▸ STORED DATA:

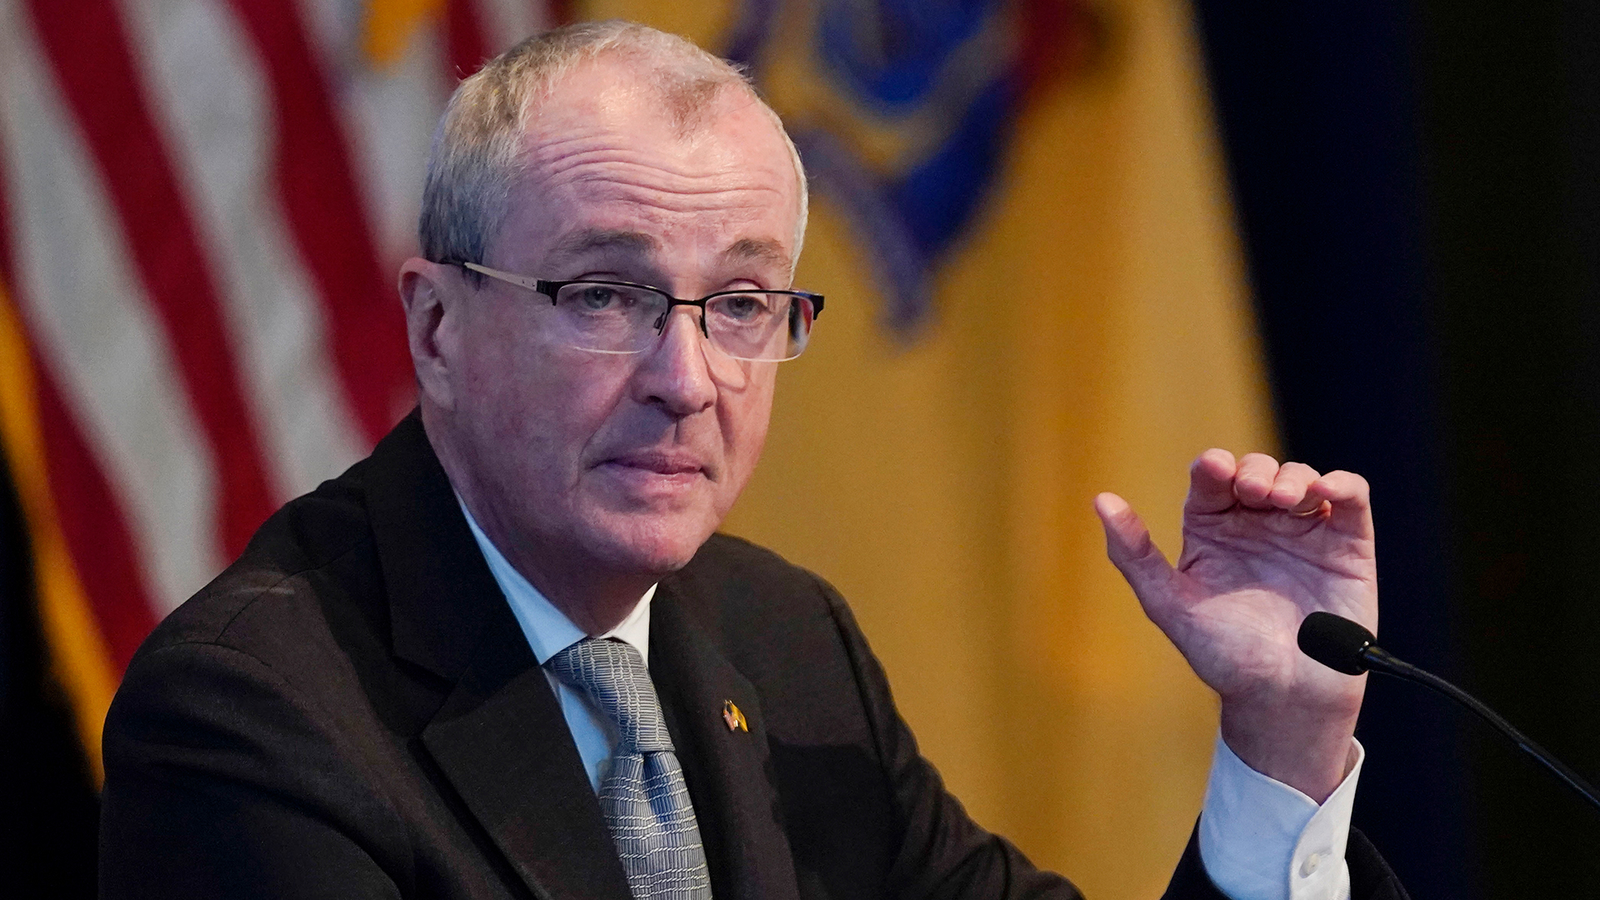 Governor Murphy hosts roundtable on modernizing New Jersey’s liquor license laws
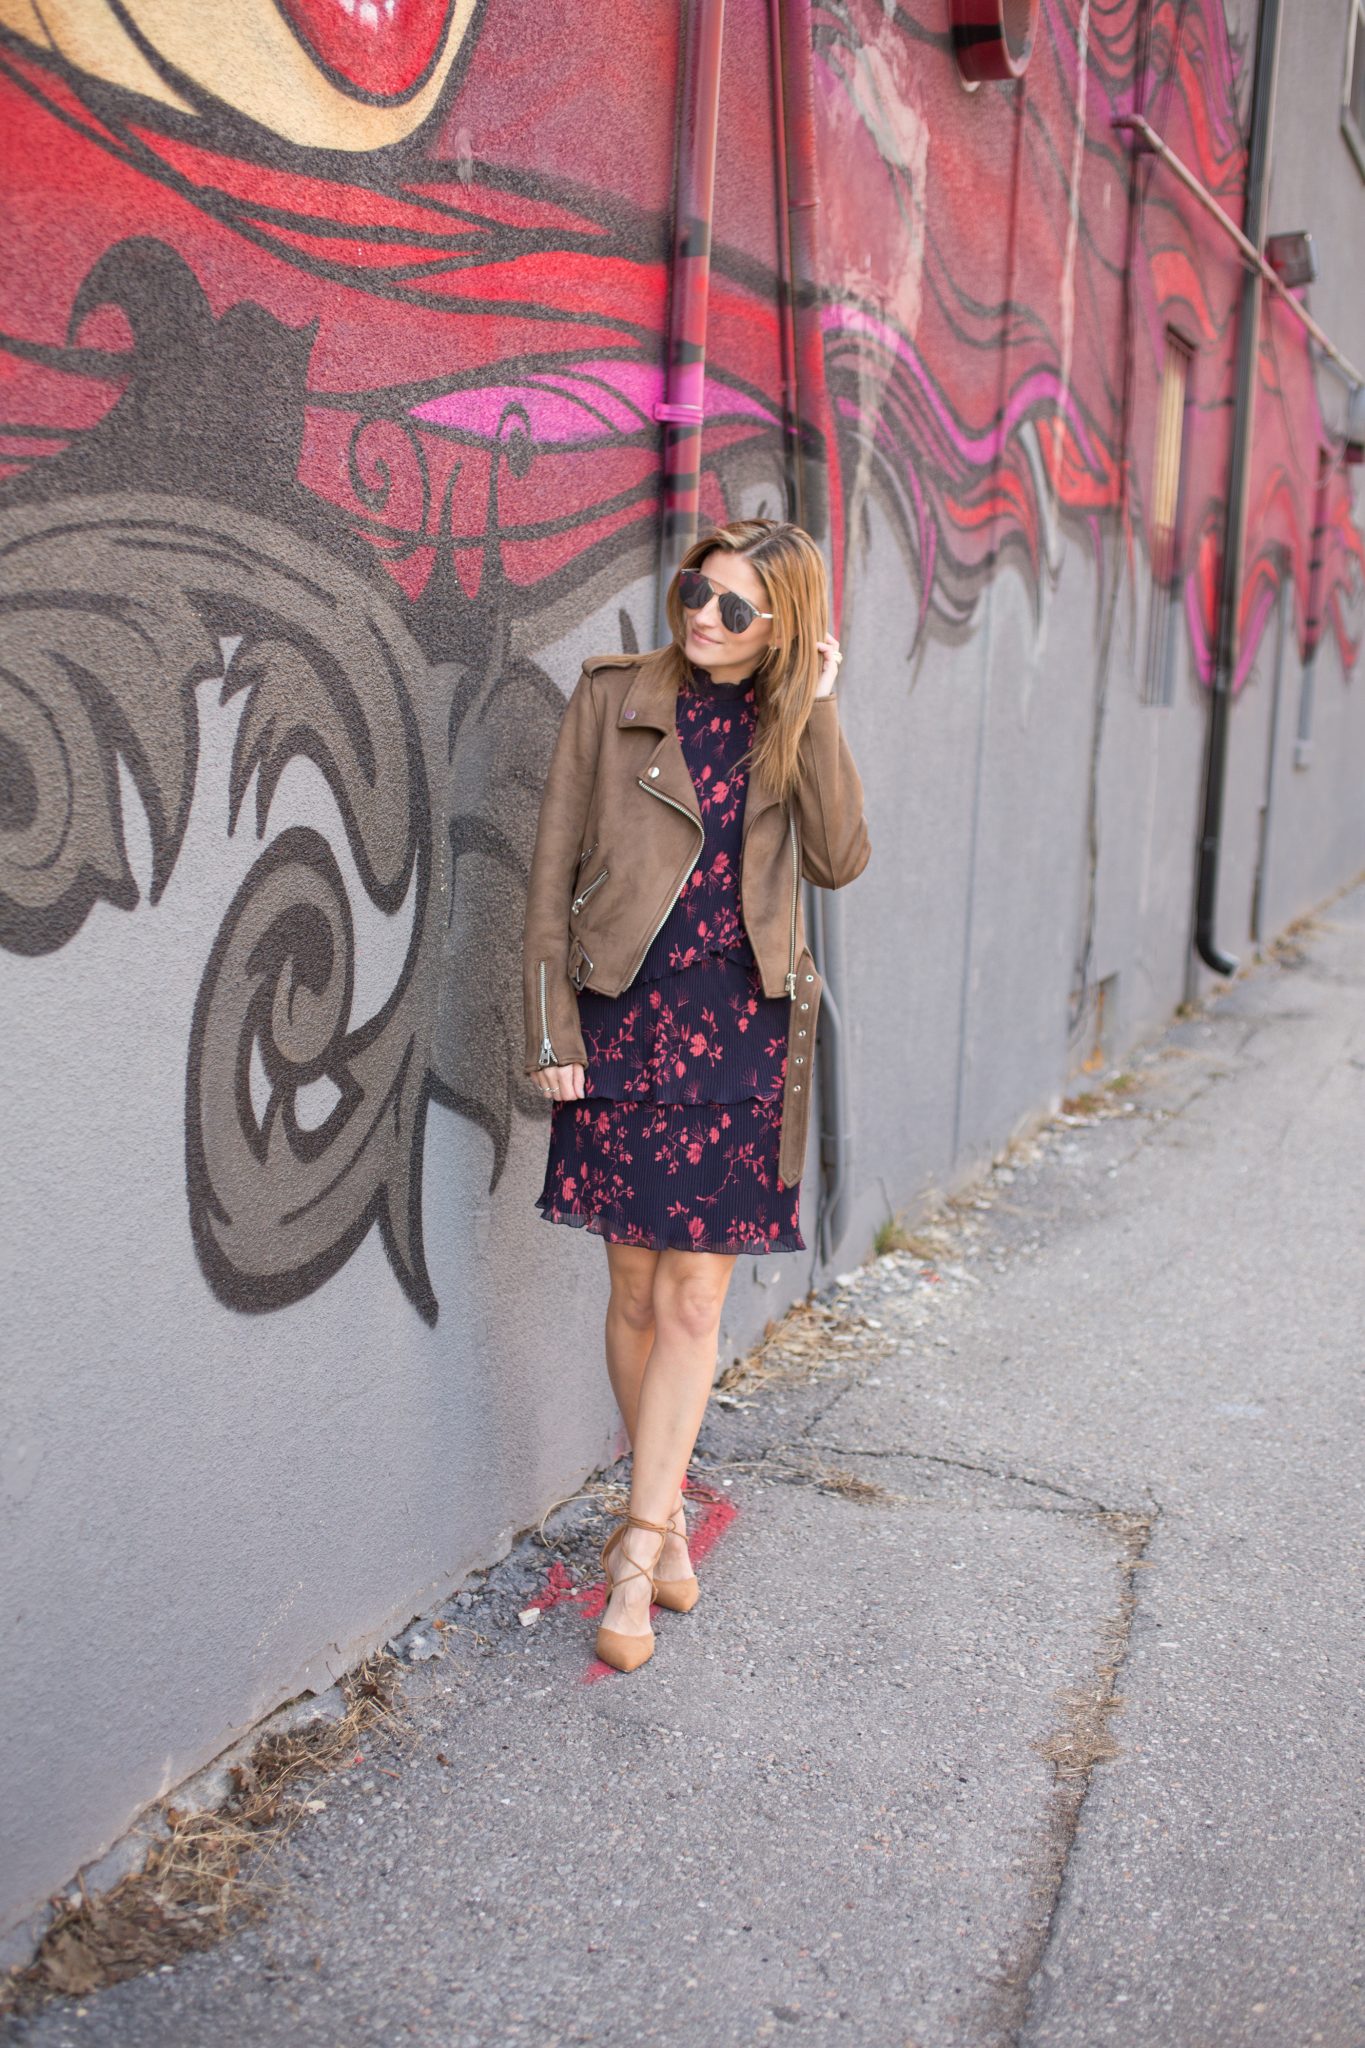 Marciano Cherry Blossom Dress, Le Chateau nude lace up heels, Zara suede moto jacket, Dior So Real Sunglasses
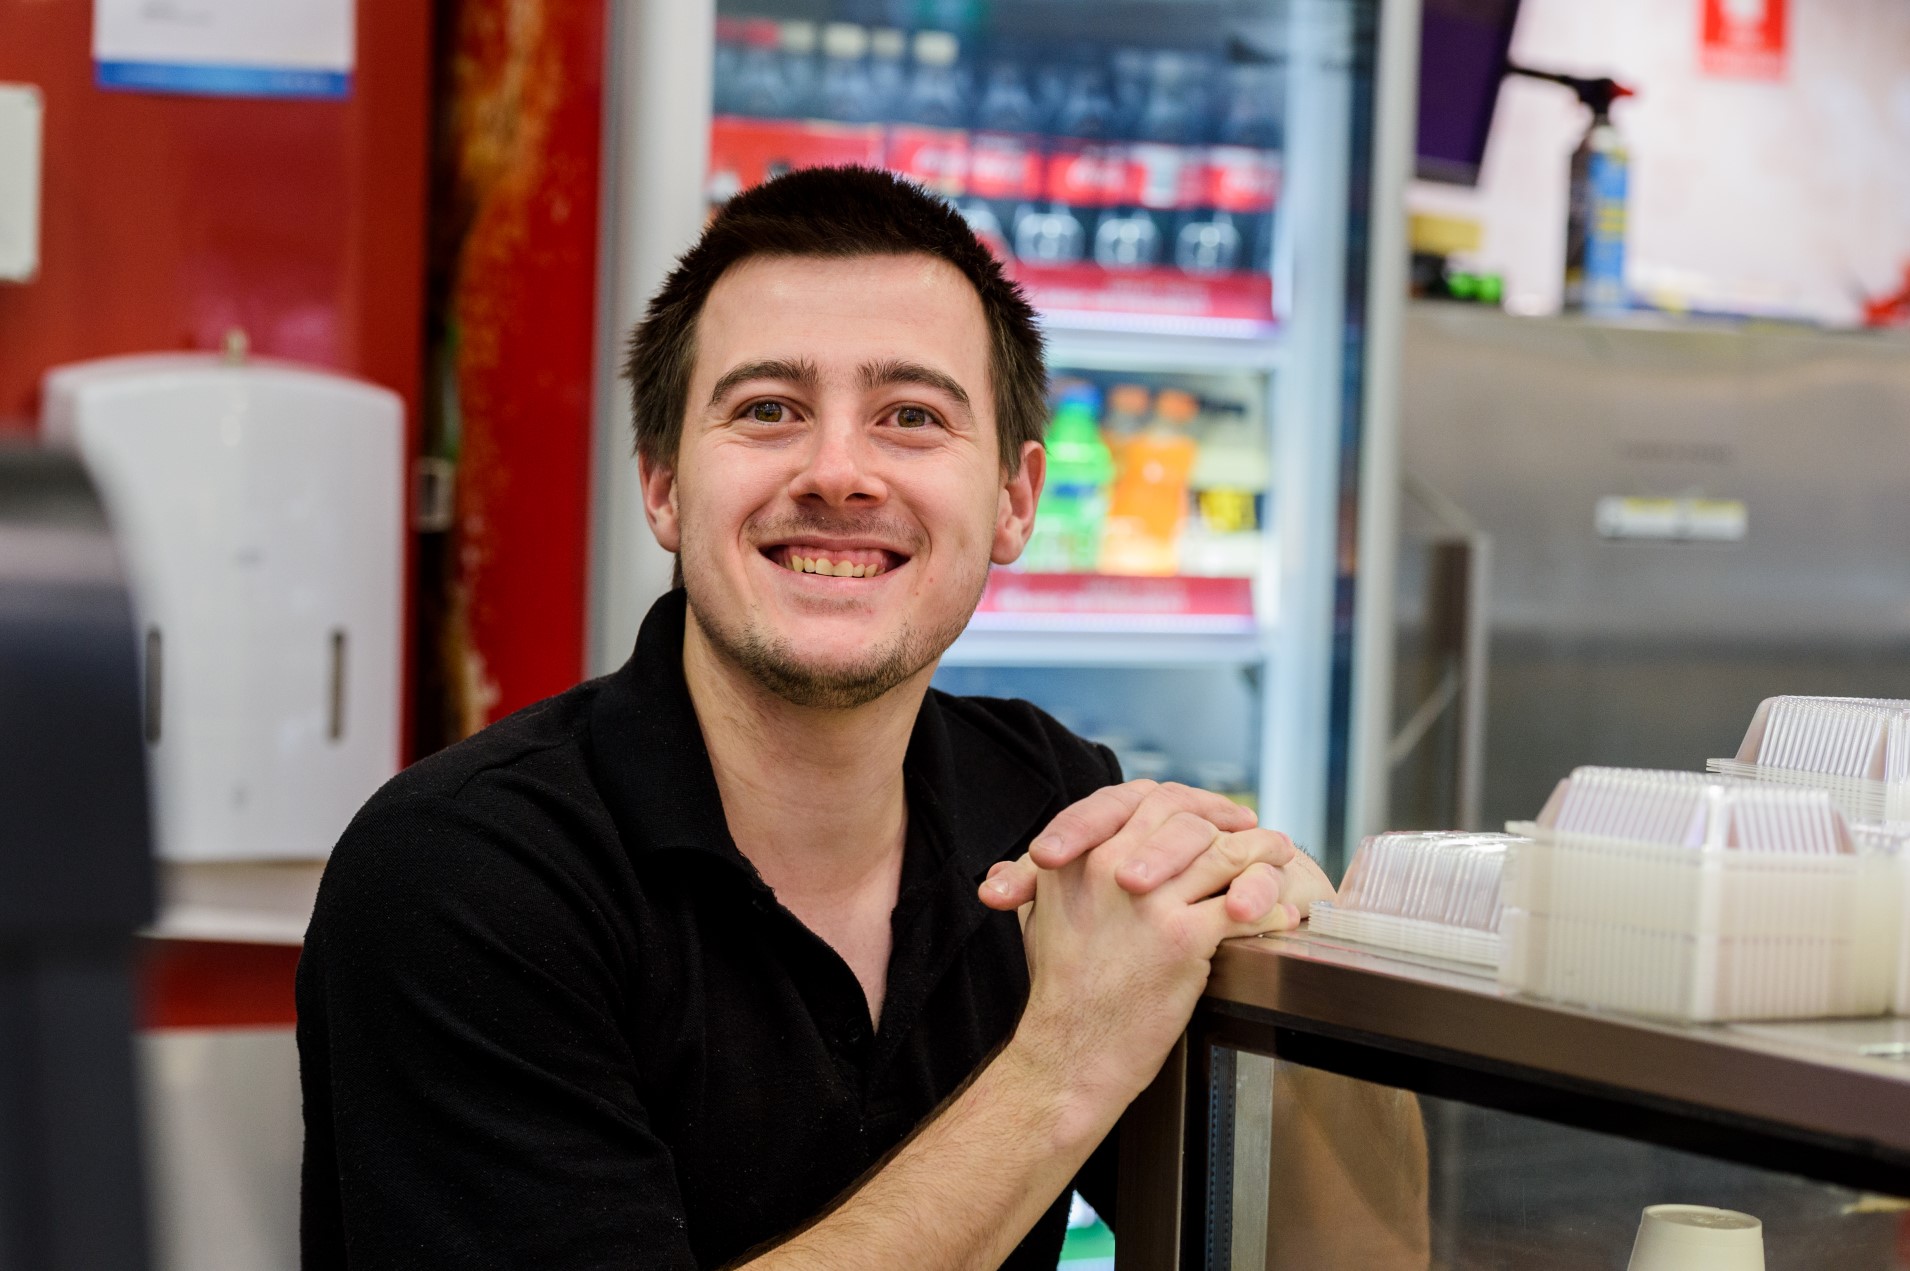 Dale smiles from the counter of his cafe workplace

▸ ABOUT THIS EXERCISE: Your answer should be every line above, written out exactly, with no pictures.

▸ ANSWER FOR THE TASK:
 Governor Murphy hosts roundtable on modernizing New Jersey’s liquor license laws
 Marciano Cherry Blossom Dress, Le Chateau nude lace up heels, Zara suede moto jacket, Dior So Real Sunglasses
 Dale smiles from the counter of his cafe workplace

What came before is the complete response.